The Bot's Functionality

We wanted v1 of the bot to respond to three question: 1) "Is anything down?" 2) "Is ________ down?" (here, we wanted the team to be able to ask for the status of multiple systems with one query, such as "Is microservice.x, workers.y or microservice.z down?"). 3) Finally, if something is down, enable someone to get details about what the service does by asking "What is workers.y"?

With each uptime related query the bot would poll our uptime service to check if either a specific service or any service is down, and it would and report back to Slack. For questions on what a service does, it would check a dictionary of descriptions of each service (including the implications of it going down).

Skeleton of a Bot

The first step was to set up an outgoing webhook to our own microservice. For detail on how to do this check out Slack's API docs. There are several configuration options, including the trigger words that will initiate a post to an endpoint. We set ours up to respond to lines that begin with "@bot".

At the other end of the flow, we needed an incoming webhook integration to receive messages from the service that backs our bot. Details on incoming hooks can be found here.

Once you have these endpoints set up, you can build out the core functionality of the bot.

Meat of a Bot: Text Parsing

You can do a lot with bots. The possible functionality is virtually endless. Our first bot makes calls to our uptime service and queries an object with service descriptions. Very useful, but admittedly not earth shattering.

Still, beyond getting our feet wet with Slackbots, this project allowed us to dive into something very important that we will need to become competent in as we continue to add functionality to the bot: natural language text parsing. There are plenty of off the shelf solutions and we will likely incorporate one or many of these in the future, but no off the shelf solution is perfect and we anticipate always needing some amount of custom parsing.

Here is an overview of how our v1 parser handles text coming back from Slack's outgoing webhook:

  1. Sanitize the text. Normalize the text and strip out unnecessary or unwanted elements. For our needs, this meant converting it all to lowercase and stripping out extra whitespace and all punctuation other than periods. You should be able to accomplish this with built-in language functions and regular expressions.

  2. Tokenize the text. Split the remaining input into an array of the individual elements you care about. For us, this was simply splitting on the spaces between each word and adding each word to a tokens array. There are other and more complicated ways of doing this. I can imagine needing to split on whole sentences or individual letters, or storing each token as an object with additional data (eg, {element: 'hello', type: 'word', index: 1}).

  3. Additional cleanup. Once you have your tokens you might need to filter them further. For us, this meant removing unnecessary words (ie, "or" and "and") and cleaning up certain tokens that Slack had treated as hyperlinks and added markup to.

  4. Parse the text for meaning.
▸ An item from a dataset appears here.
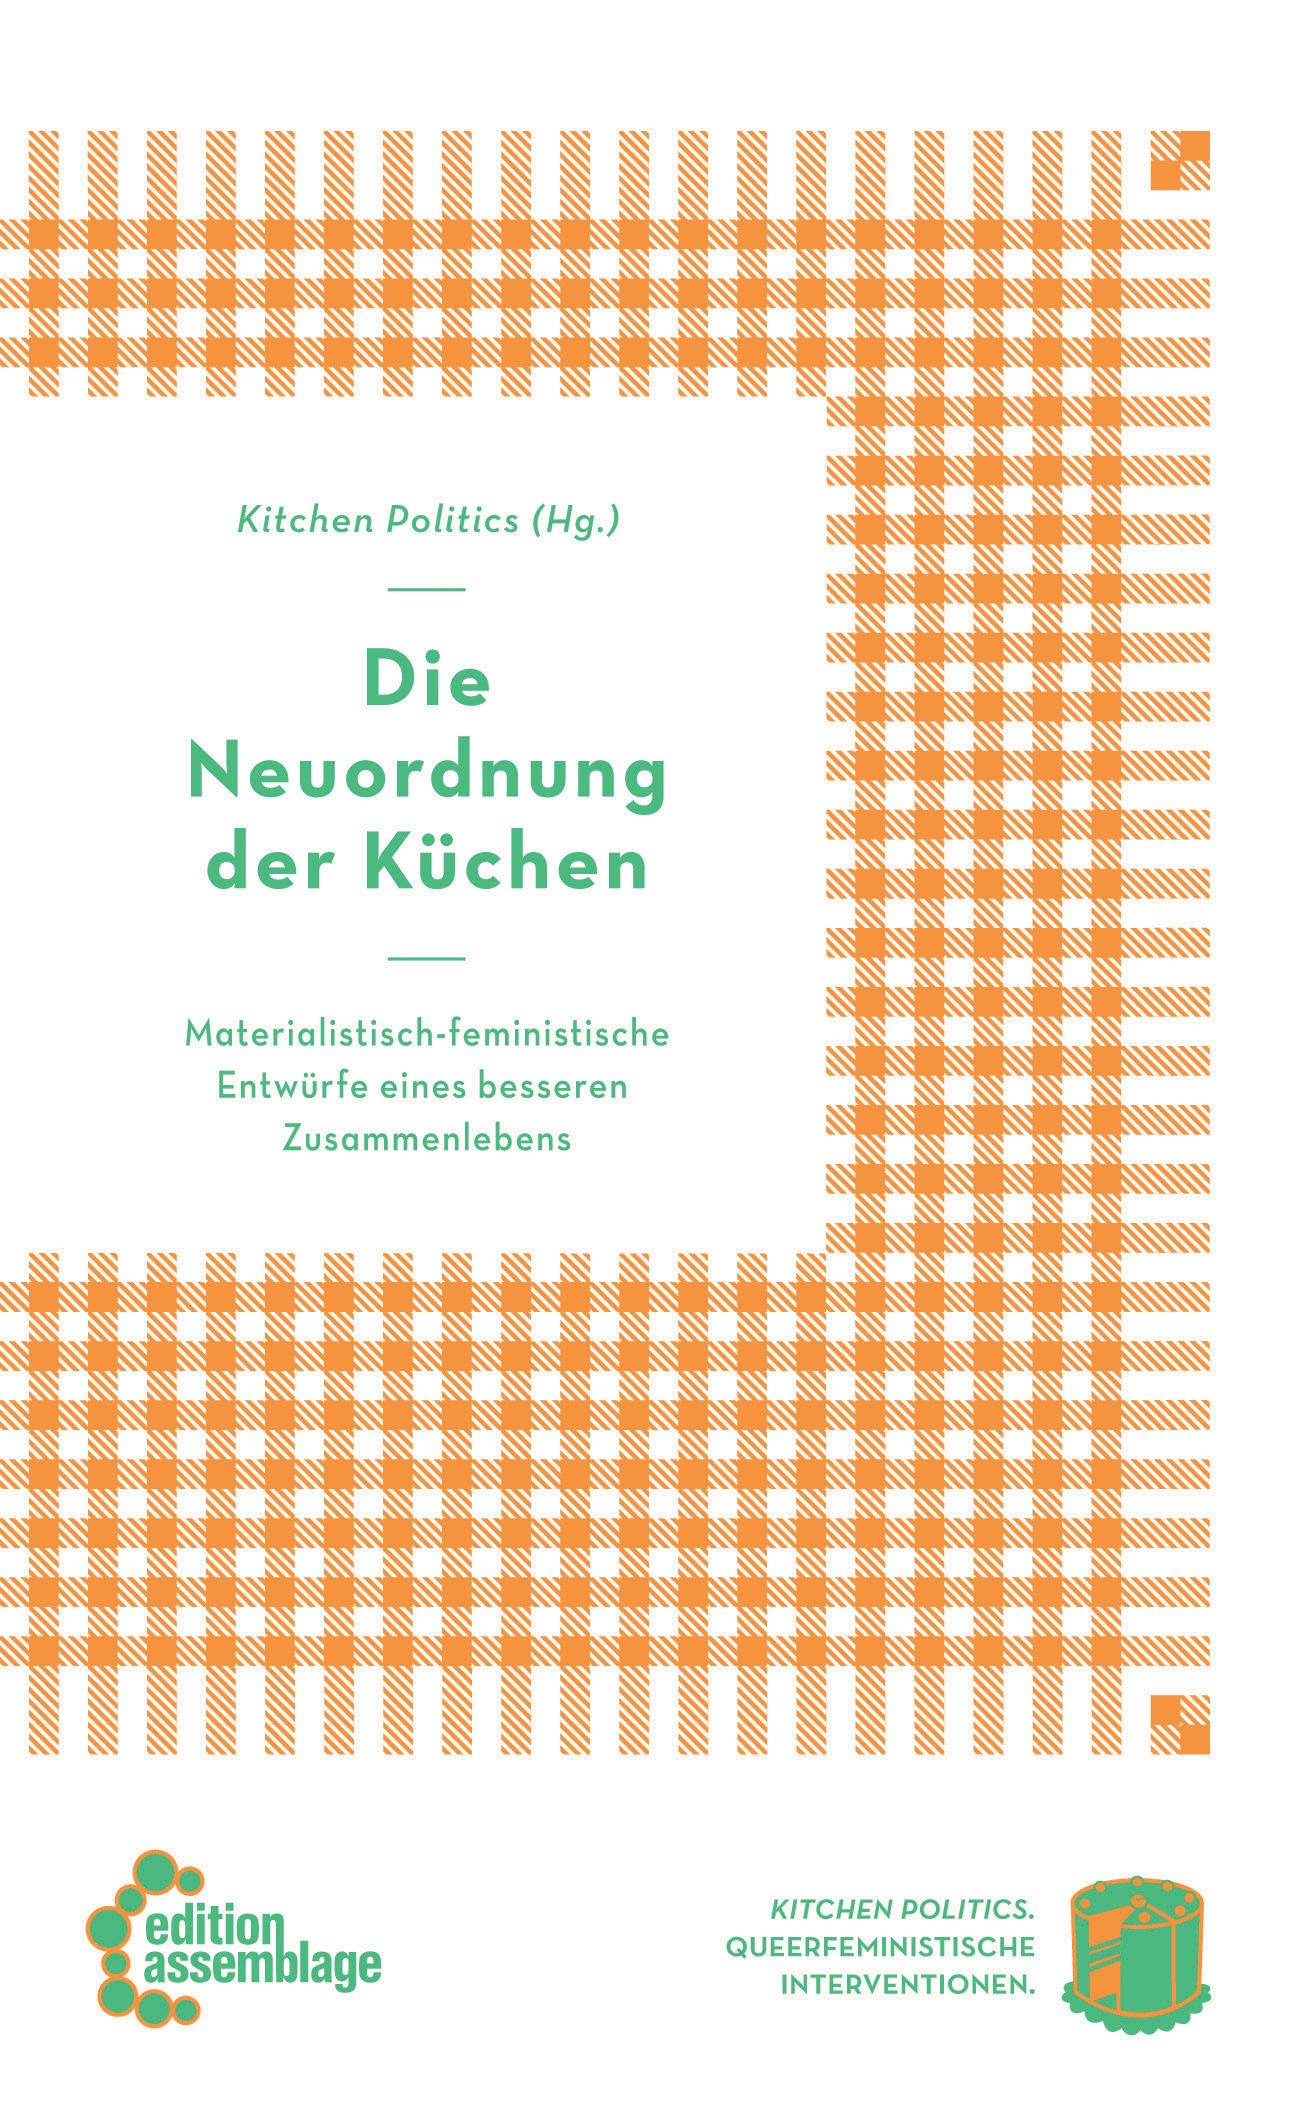 Abb. 1 Die Neuordnung der Küchen. Materialistisch-feministische Entwürfe eines besseren Zusammenlebens. (Quelle: edition assemblage)

To do this, you'll have to move through the tokens chunk by chunk. I use the term "chunk" deliberately. When trying to ascertain meaning from the tokens, it probably won't be enough to look at one individually. Rather, you'll have to look at each token in relation to those before and after it. For-loops and recursion do the trick here. For instance, for our "is anything down" check, the parsing loop looks at three consecutive tokens for that pattern. For the query "Is microservice.x, workers.y or microservice.z down?", it recursively scanned the elements for anything resembling a service name until it hit the word "down".

What's to Come

The rest of the team loved and appreciated v1 of the bot, and we really enjoyed building it. The next steps will likely be to add functionality and modularize the architecture. We envision adding additional help desk-like functionality, such as adding a step-by-step guide when someone enters "@bot help the printers are down", or respond to "@bot what did John Smith order for dinner yesterday?".

Additionally, we plan to break the bot into individual services. The main entry point will likely remain the text parsing engine. It will make sense of what is being asked of the bot and unload the query onto a specific sub-service that processes the task and sends a response to Slack.

I hope to update you on version 2 of the bot soon.